Elio Del Re, président de l’ADIMRA
M. Del Re a insisté sur la nécessité d’une politique industrielle ambitieuse, à l’image de celles mises en œuvre par d’autres pays : “Derrière chaque produit que nous fabriquons, il y a de l’emploi et une consommation locale.”
L’accès au financement est une préoccupation constante pour les entreprises argentines. Tomás Karagozian, PDG de l’entreprise textile TN & Platex, a souligné les difficultés rencontrées par les entreprises locales face à la concurrence internationale :
« Si vous êtes dans un pays où l’accès au crédit représente quatre ou cinq points de PIB et que vous êtes en concurrence avec un pays comme le Brésil qui fournit 70 % de la production au secteur privé, c’est très difficile. »
Tomás Karagozian, PDG de TN & Platex
Il a plaidé pour des prêts à long terme à des taux raisonnables : “Pour payer les frais qui ont été facturés cette année, il faut vendre de la drogue ; C’est absolument impossible.”
La demande de pesos augmente à l’approche des fêtes de fin d’année, en raison des dépenses liées aux cadeaux, aux vacances et aux primes. Les provinces et les municipalités sont particulièrement touchées. Vladimir Werning, vice-président de la Banque centrale, a annoncé que l’institution achèterait des dollars sans stériliser les pesos, dans la mesure où la reprise de l’activité le justifierait.
La situation financière des collectivités locales est préoccupante. Au moins six municipalités de Buenos Aires ont déclaré l’état d’urgence économique, et d’autres reconnaissent en privé leurs difficultés à faire face aux paiements de fin d’année. Certaines administrations provinciales, comme celle de Río Negro, envisagent d’émettre des obligations pour un montant de 40 à 50 milliards de pesos pour respecter leurs engagements.
Les entreprises ont vu leur trésorerie affectée par la baisse des ventes, tandis que les provinces et les municipalités ont subi une diminution de leurs revenus. Dans certains cas, le gouvernement national tarde à verser les fonds dus aux provinces, ce qui aggrave la situation.

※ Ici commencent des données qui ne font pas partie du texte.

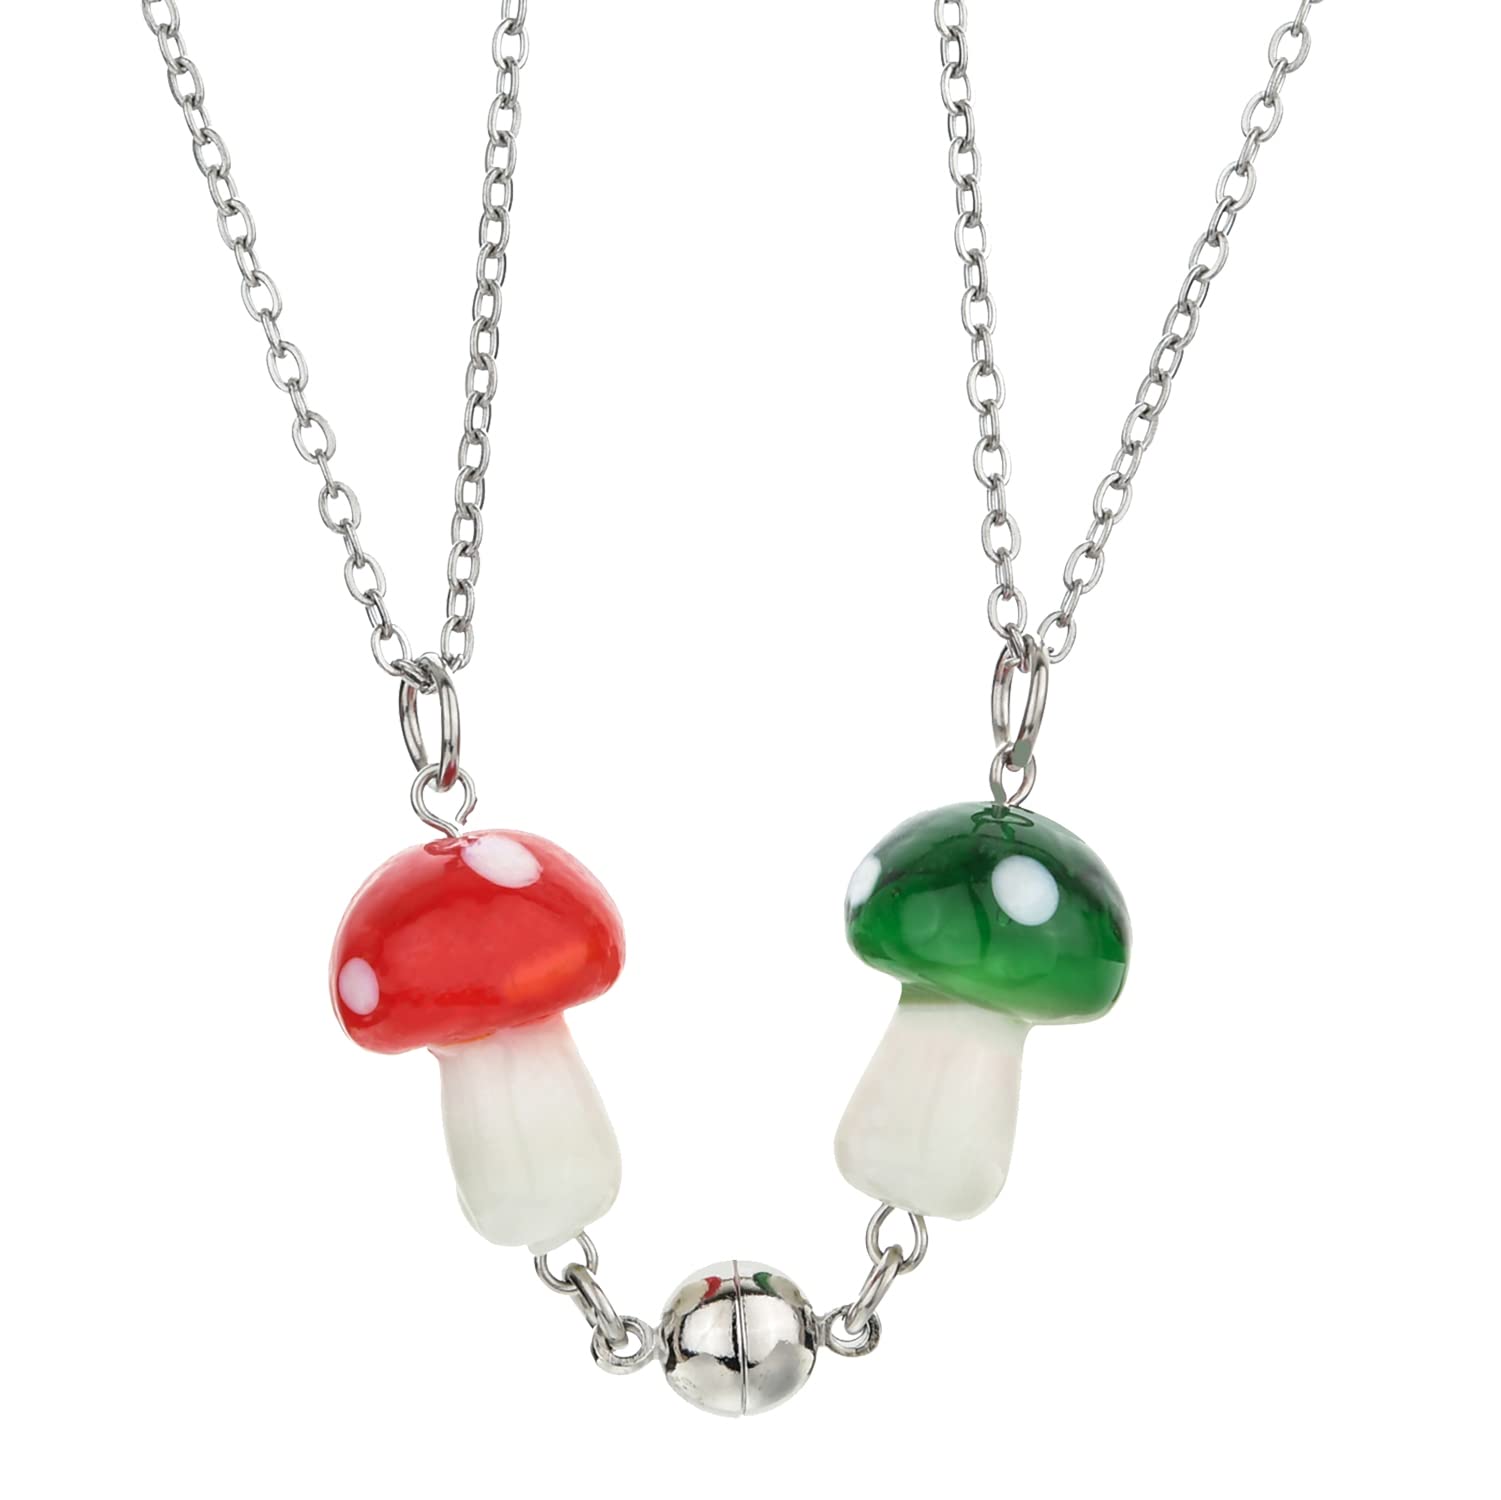 Mushroom One Hitter Necklace with Drawstring Pouch | Pulsar

Plusieurs banques publiques et privées ont commencé à proposer des lignes de crédit à six mois pour financer le versement des primes, mais les taux d’intérêt restent élevés, oscillant entre 35 % et 50 % par an, alors que l’inflation prévue pour les douze prochains mois se situe autour de 20,8 % selon l’Enquête sur les Anticipations du Marché (REM). Plus d’informations sur la situation financière.
En 2024, le retour du crédit avait contribué à amortir l’impact de l’ajustement des dépenses publiques. Aujourd’hui, Javier Milei est confronté à un défi complexe : concilier la stabilité du dollar, la maîtrise des taux d’intérêt, la lutte contre l’inflation et la relance de l’activité économique. Ce sera, semble-t-il, le principal enjeu de 2026.